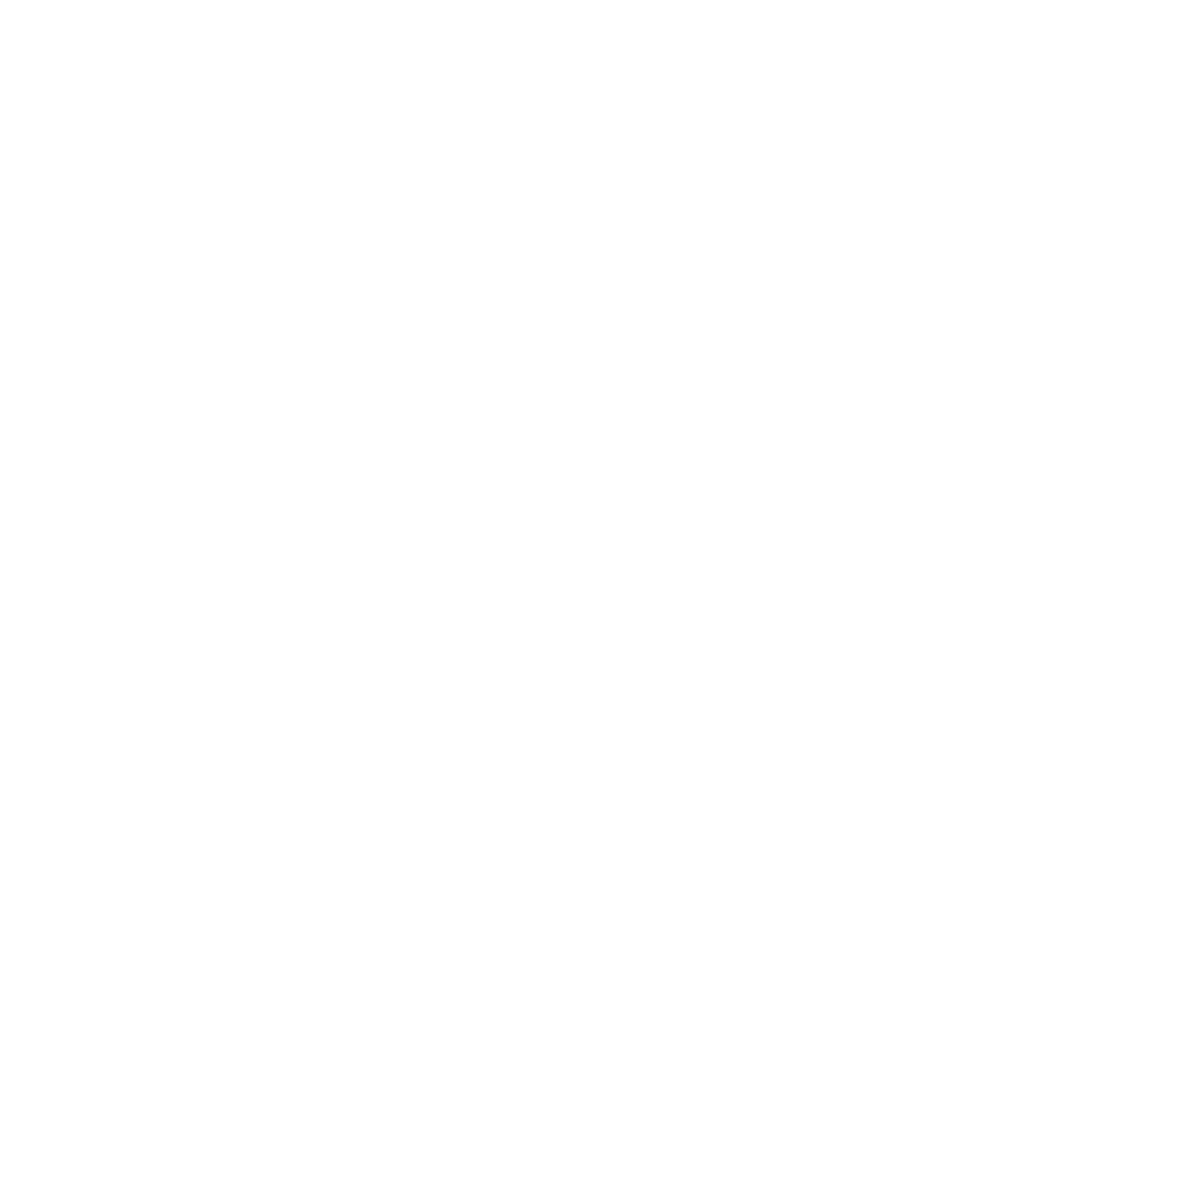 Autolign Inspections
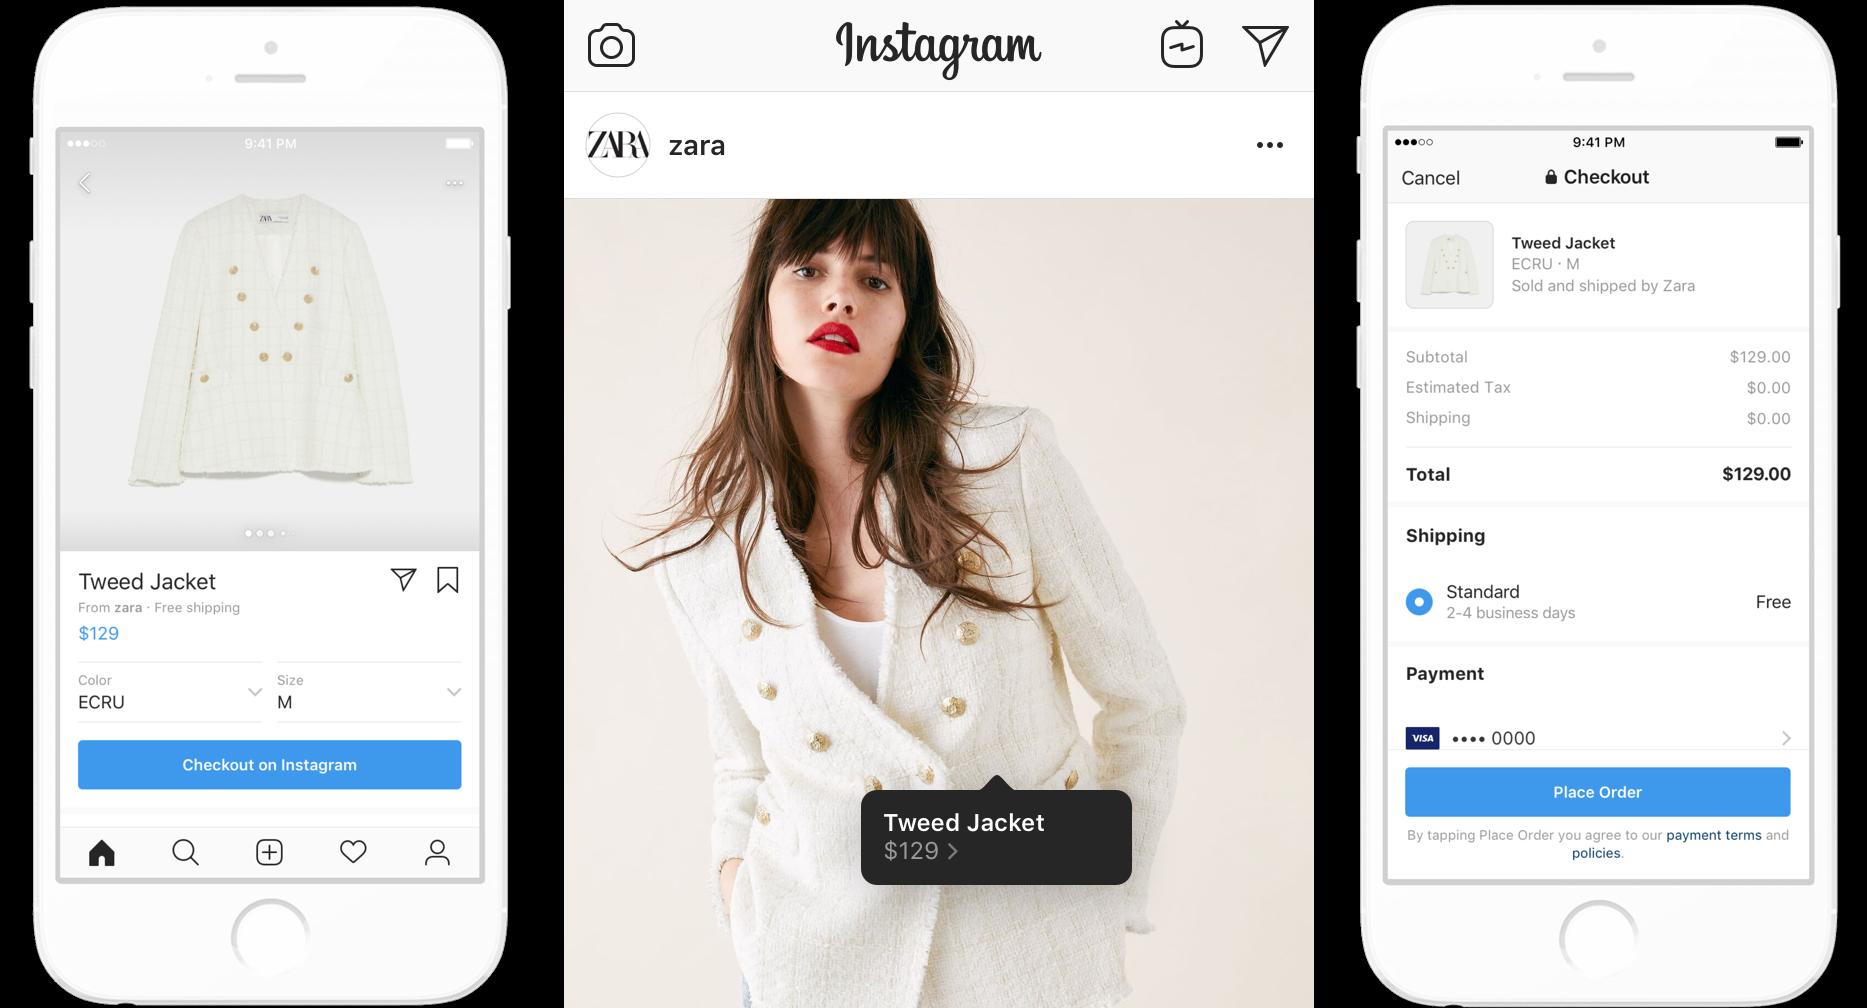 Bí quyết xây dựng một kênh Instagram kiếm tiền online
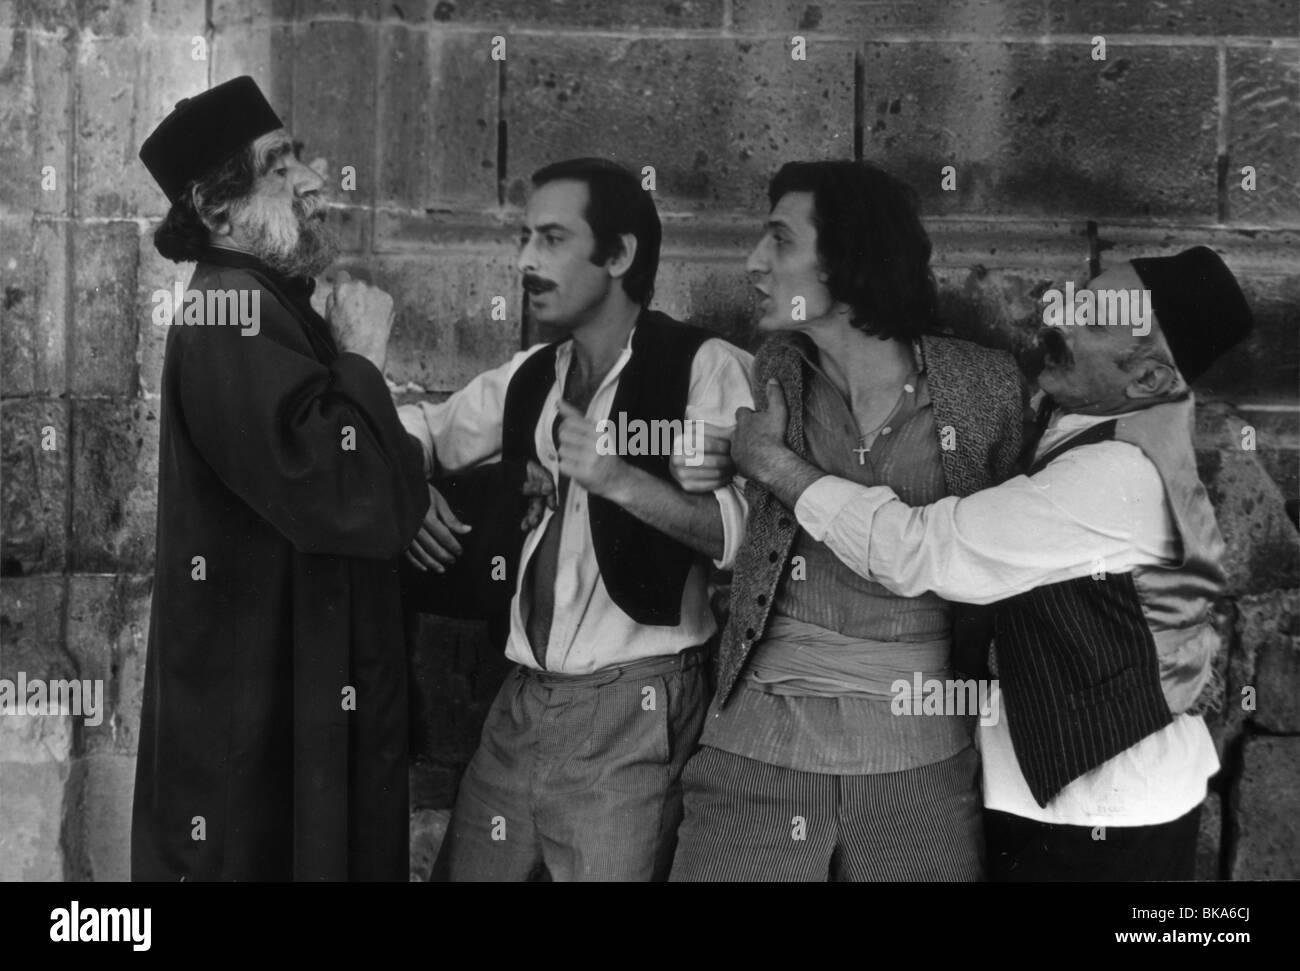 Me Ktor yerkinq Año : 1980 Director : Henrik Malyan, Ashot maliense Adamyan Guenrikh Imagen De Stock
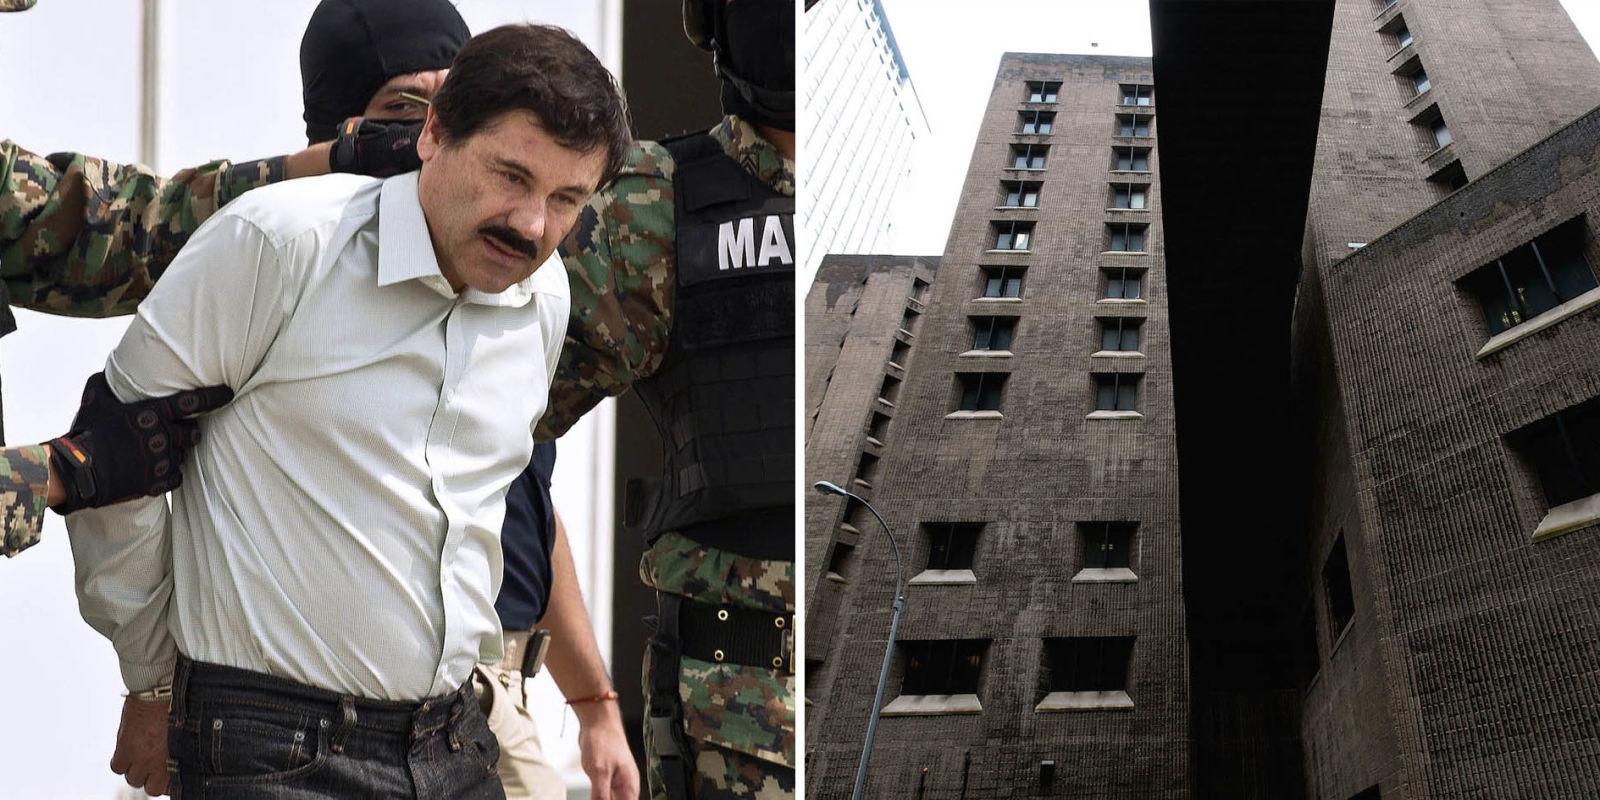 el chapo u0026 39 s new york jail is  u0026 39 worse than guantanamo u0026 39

# [Work request]
The full listing above, duplicated exactly and without its pictures, is the answer.

# [Written answer]
 Autolign Inspections
 Bí quyết xây dựng một kênh Instagram kiếm tiền online
 Me Ktor yerkinq Año : 1980 Director : Henrik Malyan, Ashot maliense Adamyan Guenrikh Imagen De Stock
 el chapo u0026 39 s new york jail is  u0026 39 worse than guantanamo u0026 39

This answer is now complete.